**Supplied data**:

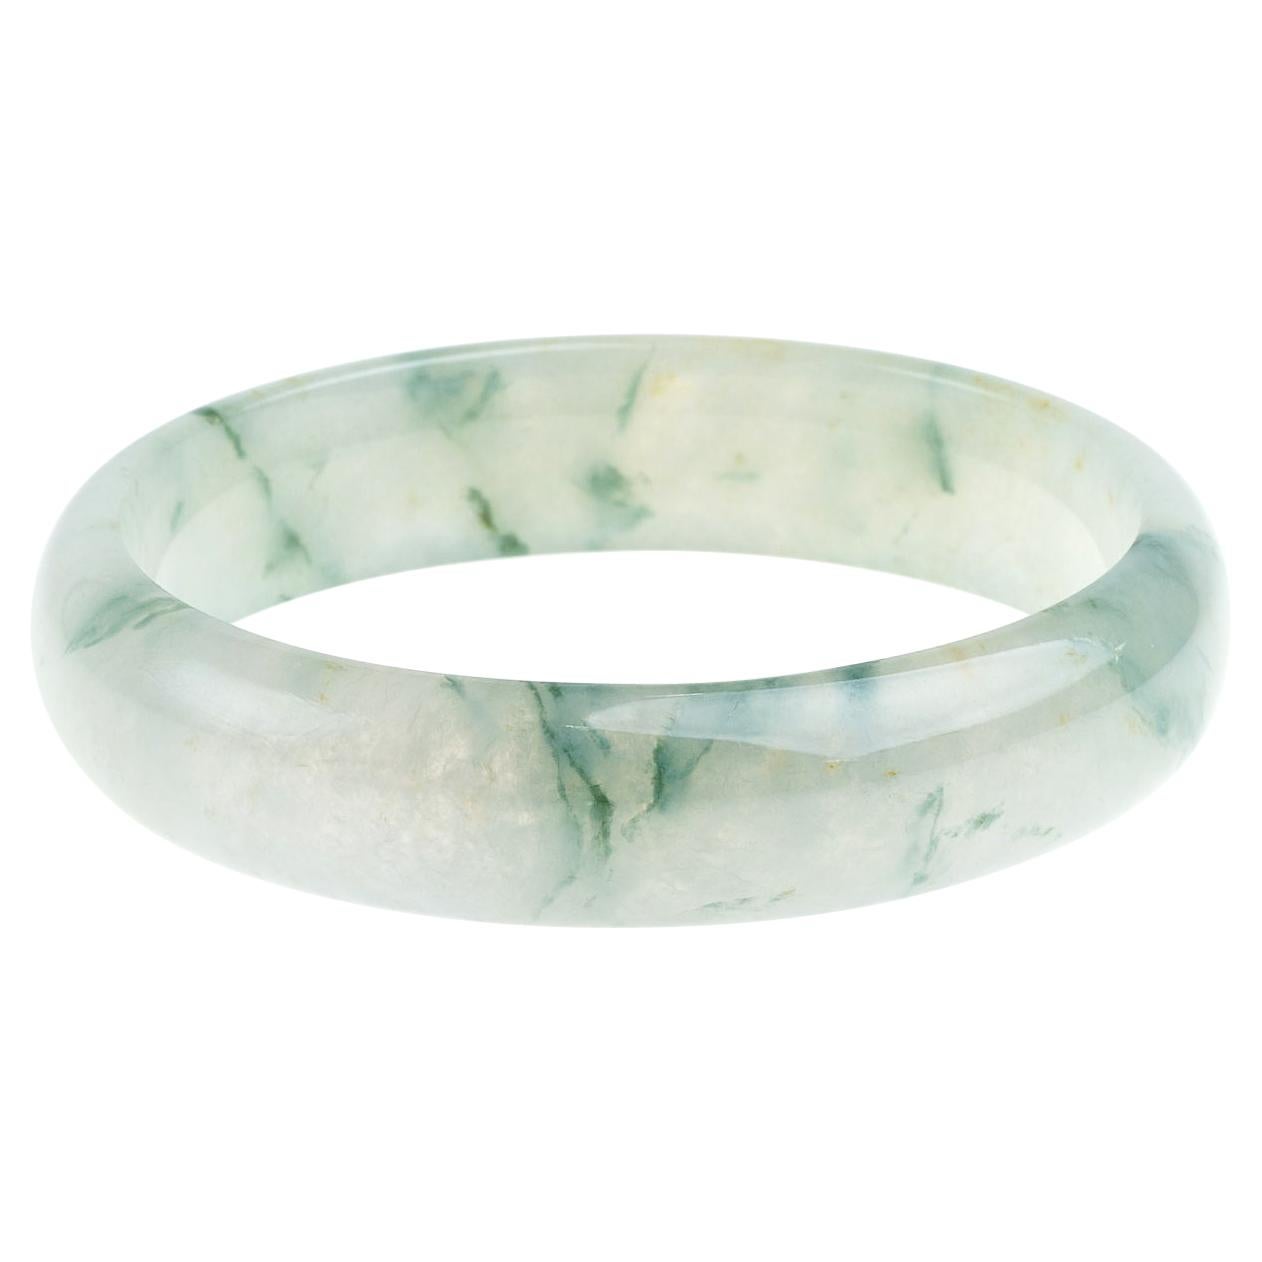 Ice and Green Jadeite Jade Bangle, Certified Untreated
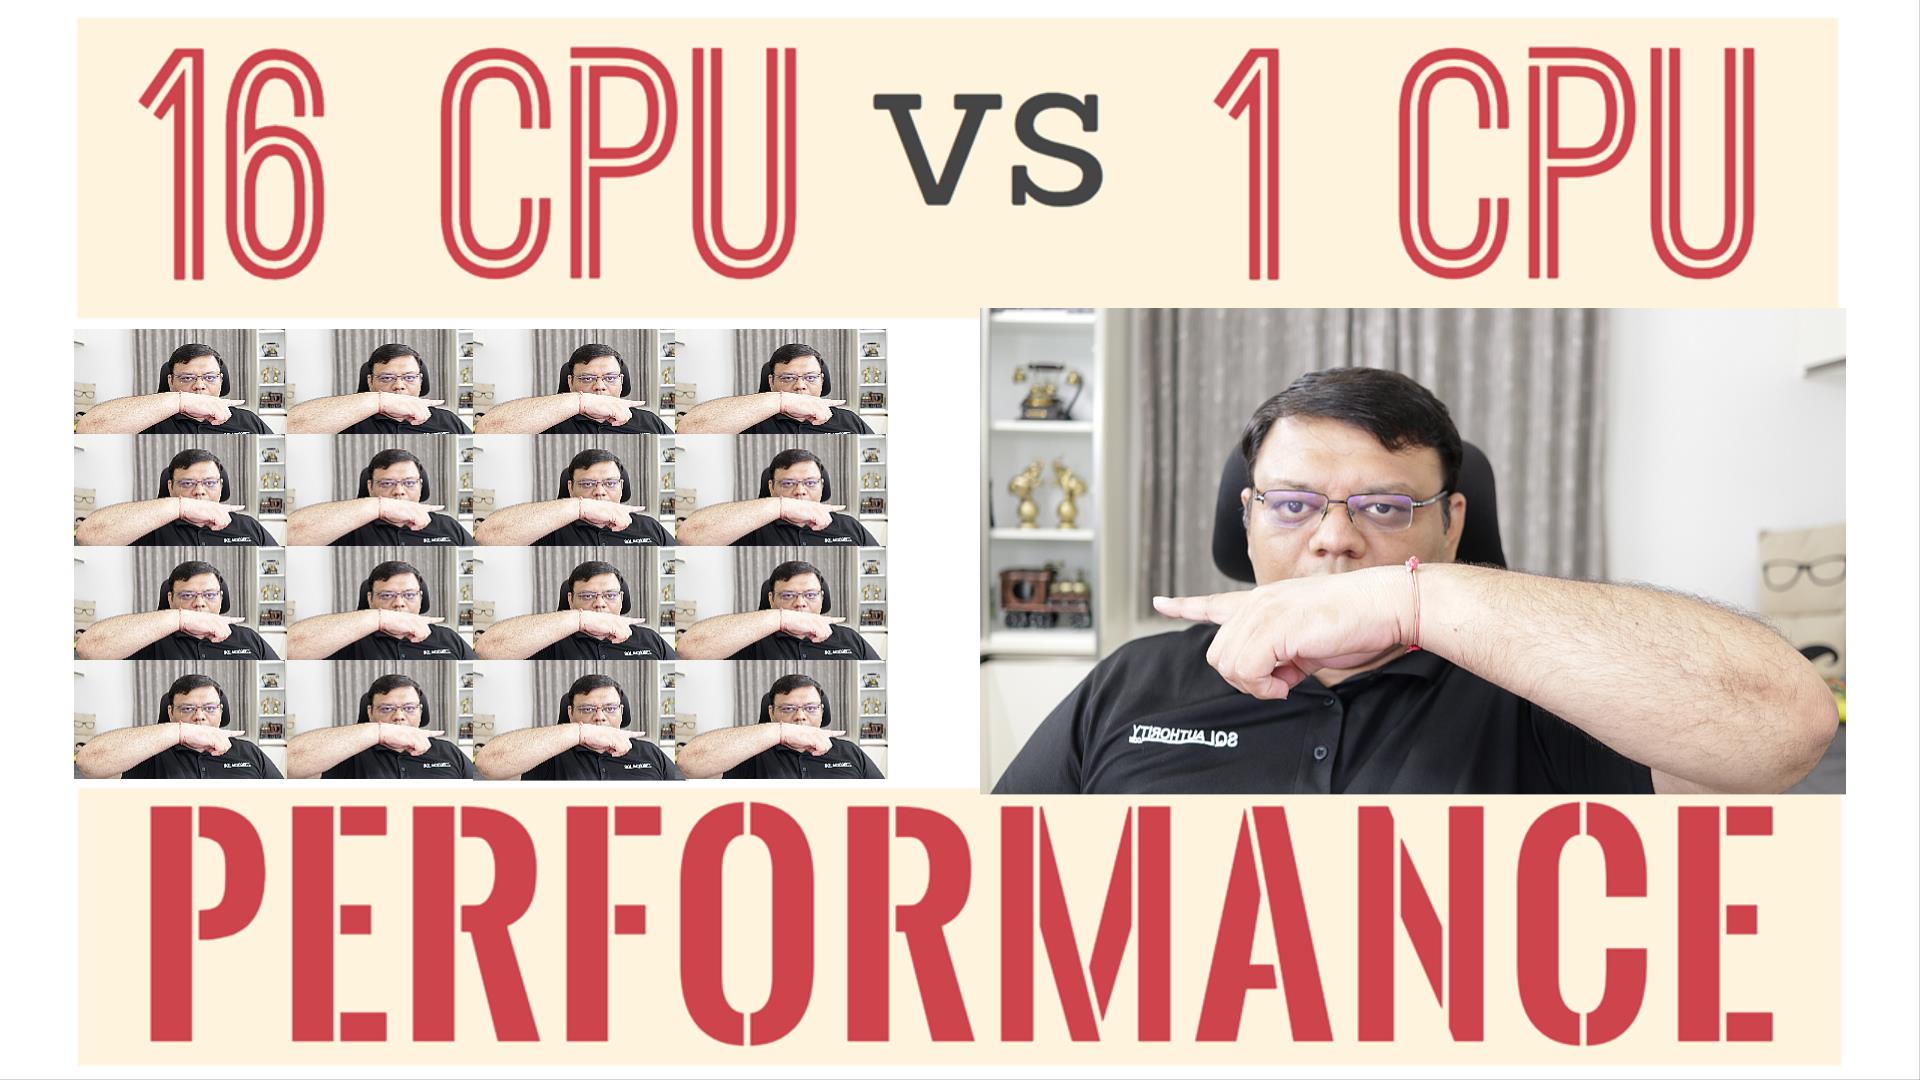 SQL SERVER – 16 CPU vs 1 CPU : Performance
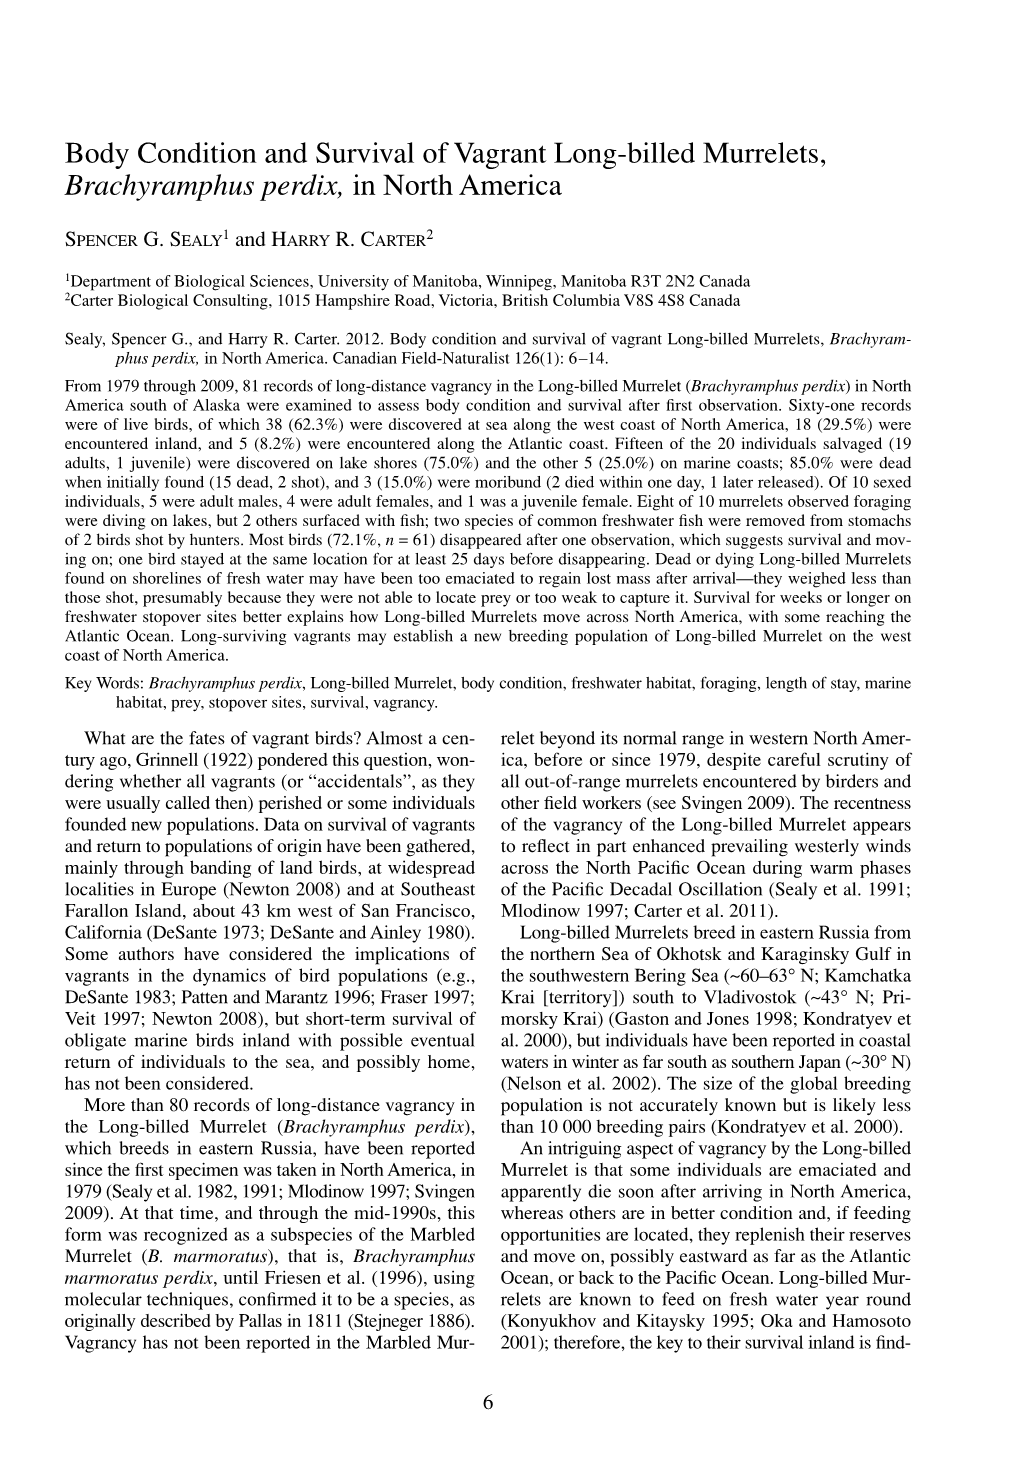 Body Condition and Survival of Vagrant Long-Billed Murrelets, Brachyramphus Perdix, in North America
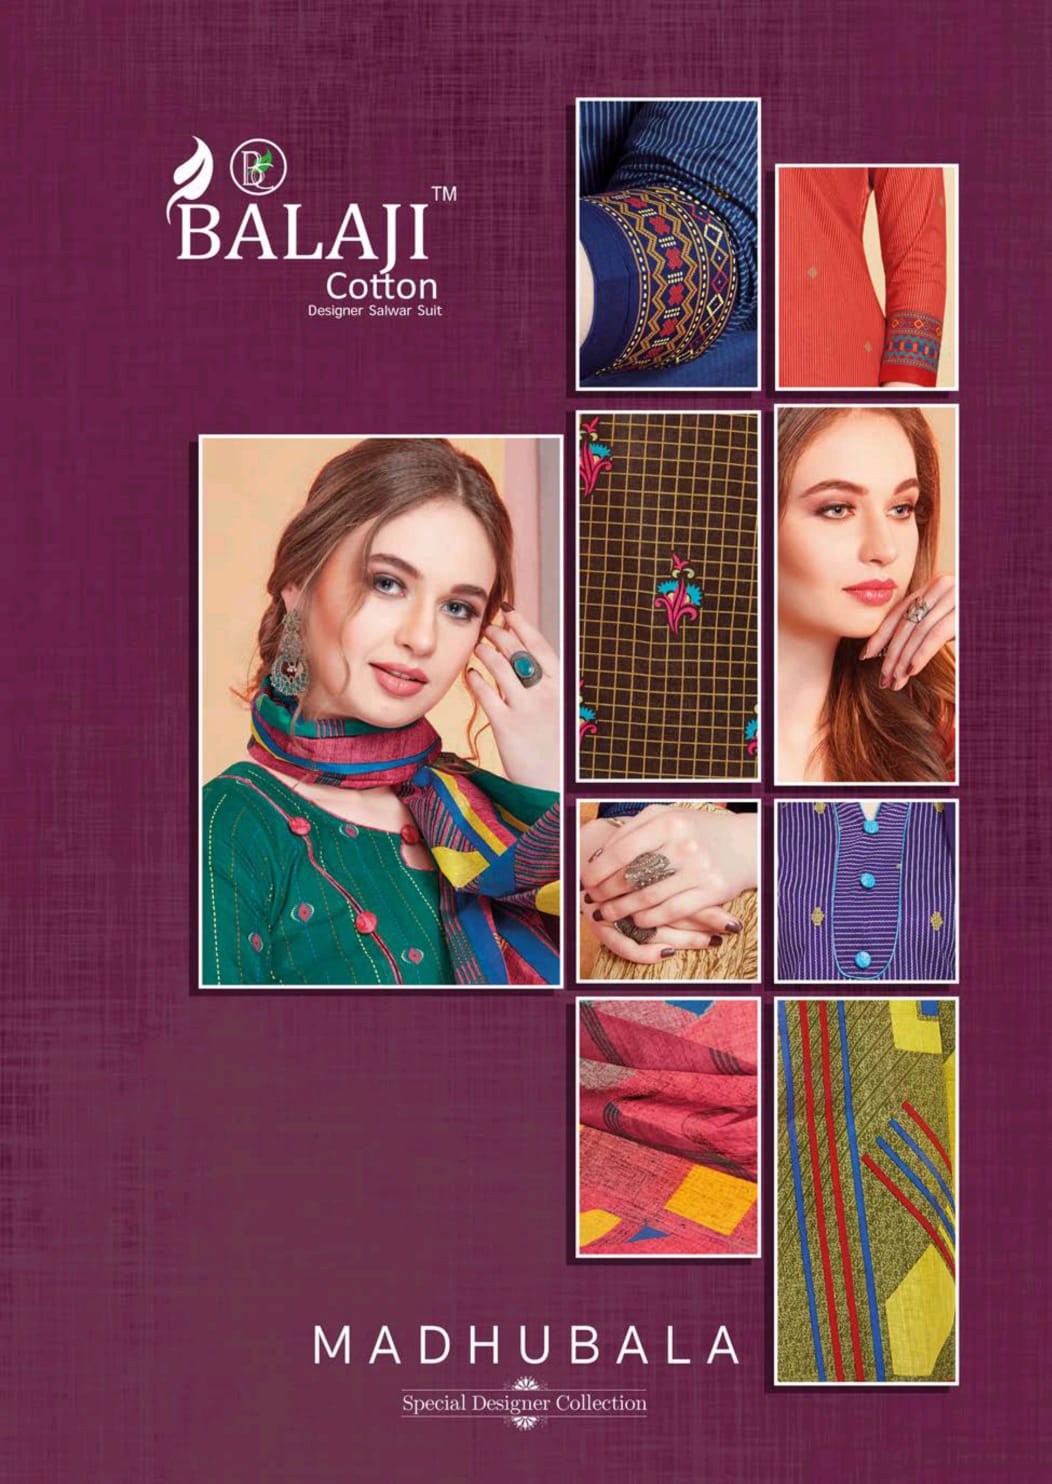 Balaji Cotton Madhubala Pure Cotton Unstitch Cotton Dress Materials Wholesaler

**Problem requirements**:
Retype the whole of the data verbatim. Skip every picture.

**Task solution**:
 Ice and Green Jadeite Jade Bangle, Certified Untreated
 SQL SERVER – 16 CPU vs 1 CPU : Performance
 Body Condition and Survival of Vagrant Long-Billed Murrelets, Brachyramphus Perdix, in North America
 Balaji Cotton Madhubala Pure Cotton Unstitch Cotton Dress Materials Wholesaler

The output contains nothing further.